Science and research with a practical orientation and well-trained qualified professionals have generated an excellent environment for innovation – and as a result, Germany is one of the European leaders with 58,568 patent applications in 2021. Thanks to a per capita spending power of €24,807 in 2022 Germany ranks among the countries with the highest purchasing power in Europe – new ideas easily find a market here.
Many of these are generated by what is known as the Mittelstand. The Mittelstand is formed by the scores of small and medium-sized companies which are characteristic of Germany’s economy.
The German infrastructure will also make it easy for you to set up your own business. Roughly 830,000 km of roads, 38,400 km of railways and a modern telecommunications network will take you, your ideas and your products to your destination.
2. Stable: a good home for your ideas
As an entrepreneur in Germany, you can expect a stable political and economic environment for your ideas, which are protected by the law.
Inventions, company logos and concepts – in Germany, your intellectual property is protected. The Copyright Act, Patent Law and Trademark Law are all designed to safeguard what is probably your most valuable asset.

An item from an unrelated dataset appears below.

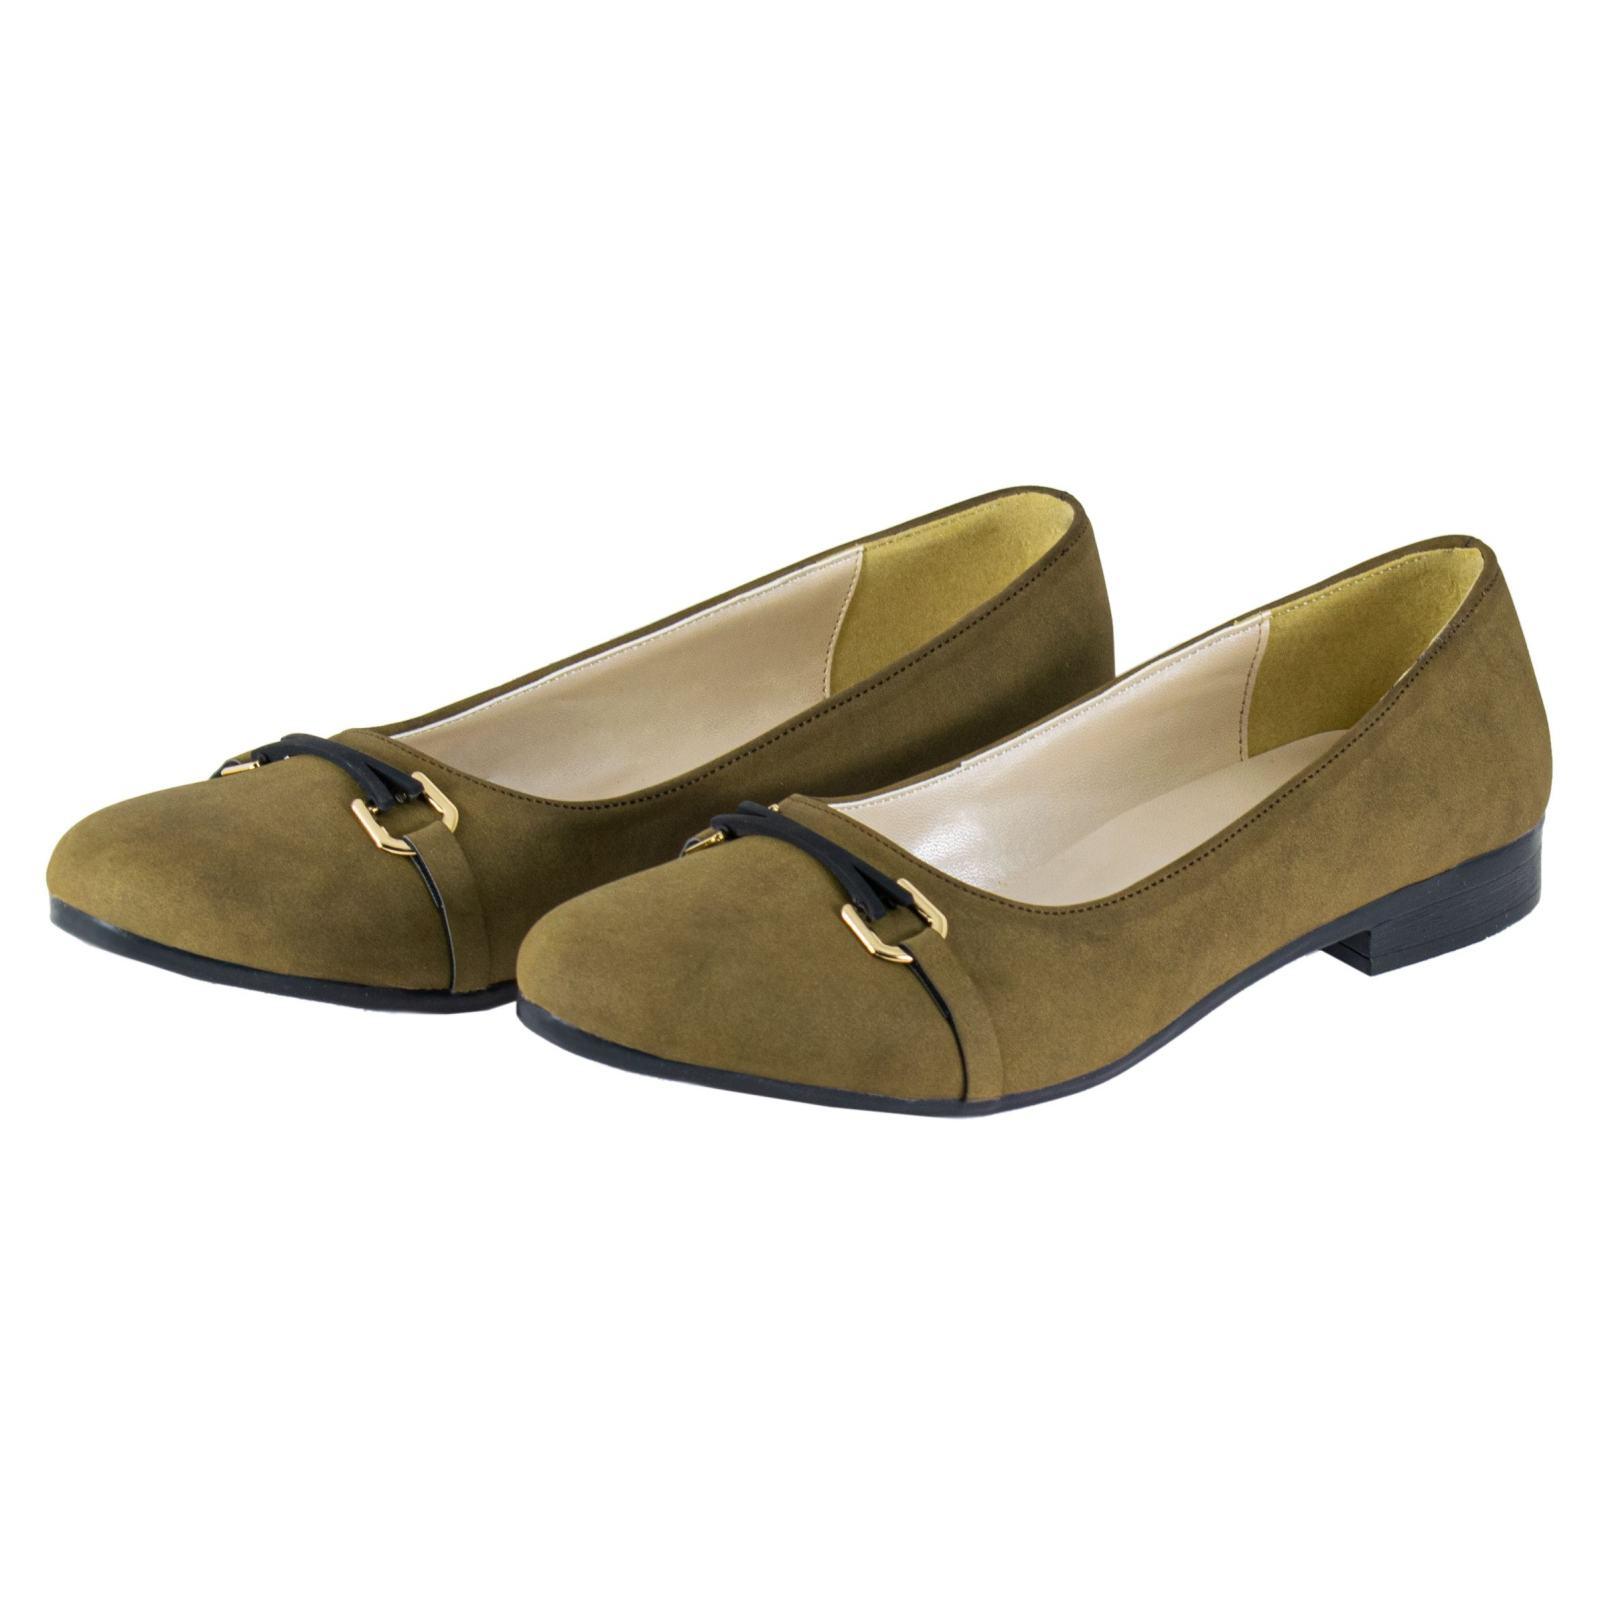 کفش زنانه آذاردو مدل W05403  main 1 2

Economic policies also focus on protecting excellent ideas: Competition Law, for example, ensures that your competitors cannot make false claims about your products in order to attract customers for themselves.
Germany not only defends the freedom of competition, but also the freedom of its citizens. The basis for this is the liberal democratic basic order, which determines that the people elect their representatives, while the separation of powers prevents the abuse of power.
These are the reasons why the German economy is as stable as it is: between 2016 and 2022, the number of employees subject to social insurance contributions rose by 3 million to around 34.3 million.